Sumatera skies colored in red
Guns to fangs fury takes today
People cheer as angels cry
By this bullet i have learned
to fly
I need someone to love
As i face the future all alone
Harimau! Harimau!
(Harimau! Harimau!, NAVICULA)
(Harimau! Harimau!, NAVICULA)
Harimau kesepian, tanpa kawan, tanpa hutan. Keluarganya
mati, mungkin sudah jadi pajangan di dalam ruangan, mungkin kulitnya sudah
menjadi pakainan, mungkin sebagian teman-temannya sedang jadi tontonan. Satu
hal yang pasti, harimau itu kini kesepian. Terancam.

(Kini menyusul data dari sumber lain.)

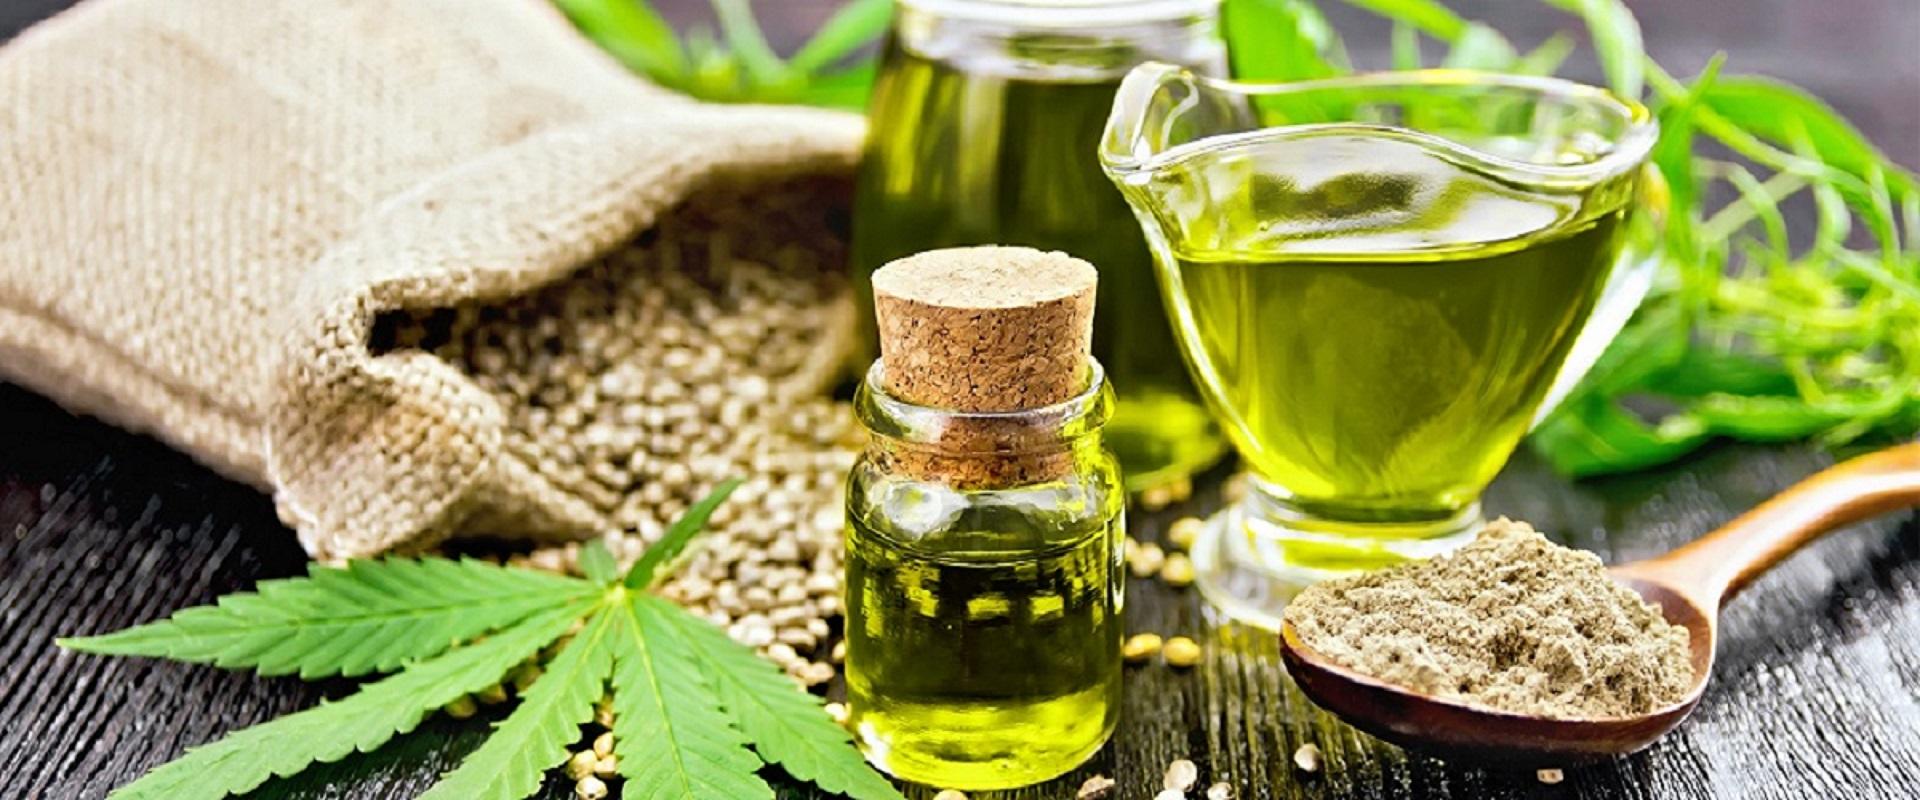 Cannabis, Oils & Edibles

Kisah tentang harimau kesepian yang kita dengar
lewat lagu Navicula tentu tidak begitu saja muncul dari imajinasi liar
penciptanya. Ada kisah nyata dibelakangnya. Kisah tentang hilangnya hutan yang
sejak dahulu kala menjadi rumah harimau dan berbagai makhluk lainnya. Rumah
bagi manusia, tumbuhan, hewan, dan roh leluhur yang kini terusir demi tegaknya
jutaan pohon sawit. Demi suburnya pohon uang milik beberapa gelintir orang.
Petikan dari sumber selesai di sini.